I have written here before about the 4.5 million Italian immigrants who came to the U.S. between 1880 and 1924, when anti-immigration forces shut down our intake, we took in that many hope-filled seekers from Italy. More than half returned to those beloved home towns not because they did not like it here but because that was their plan before leaving Europe. This was once they had earned enough money here where there were jobs. They did not inflict themselves on native-born Americans. Even more would have returned to Europe but their older children objected. Comparable numbers of other Europeans flocked here to get work and then go back east. America benefited from their underpaid labor, so both prospered.

My maternal grandfather, Vincent Anthony Gentilesco, the son of immigrants, changed his name to Gentless when he left the coal mines of Hazelton to get a job as a conductor with the Philadelphia Transportation Company. He had experienced discrimination since his name gave him away. Going back home to the country of origin is common. Latinos are leaving the U.S. in numbers greater than those entering, whether legally or otherwise, although fake-news aficionados rave about desperate, rapacious caravans surging north resolutely refuse to accept this.

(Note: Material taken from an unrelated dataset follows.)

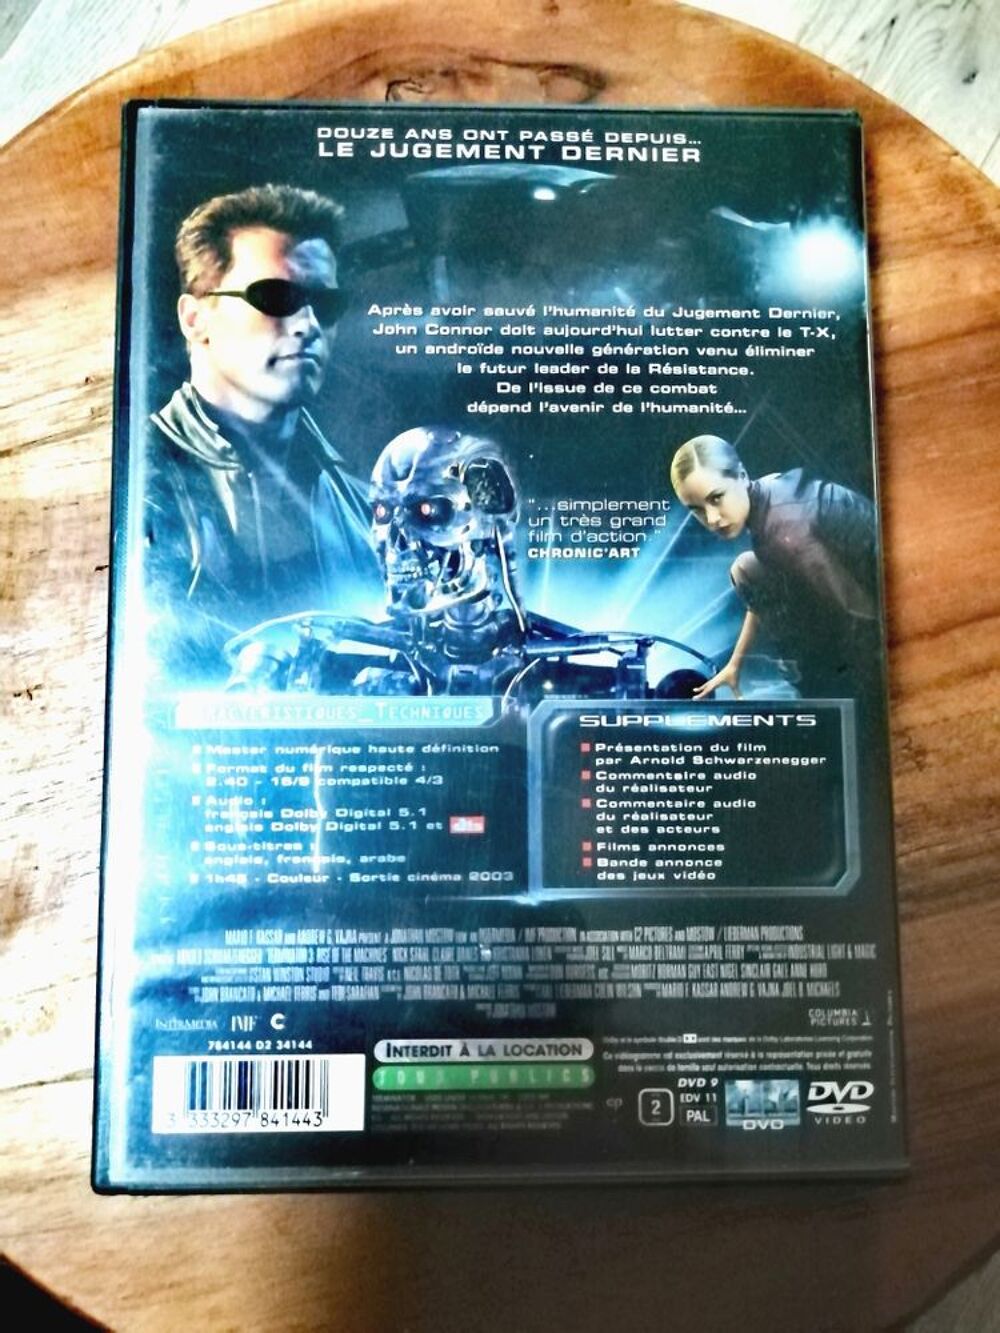 Terminator 3 Le Soul&egrave;vement des Machines Dvd Arnold Schwarzenegger DVD et blu-ray

Bigotry against foreigners bites one’s nose to spite one’s face. Since they know they are not welcome in many places, immigrants know they have to work harder for less income and less respect. So they do. It may take a generation but they work their way into acceptable society. My relatives include doctors, lawyers, teachers, professors, military service personnel and one is a town mayor. Not one parasite among us. Employers refusing to hire because they dislike foreigners deprive their businesses of workers who know they have to produce or else.

The most densely populated nation in the world is the Netherlands. Visit it sometime and see the vast tulip fields in the spring. See the square miles reclaimed from the North Sea and ask whether they feel crowded. Hospitable to immigrants, they will tell you no. You might even envy their living standard. They show it can be done.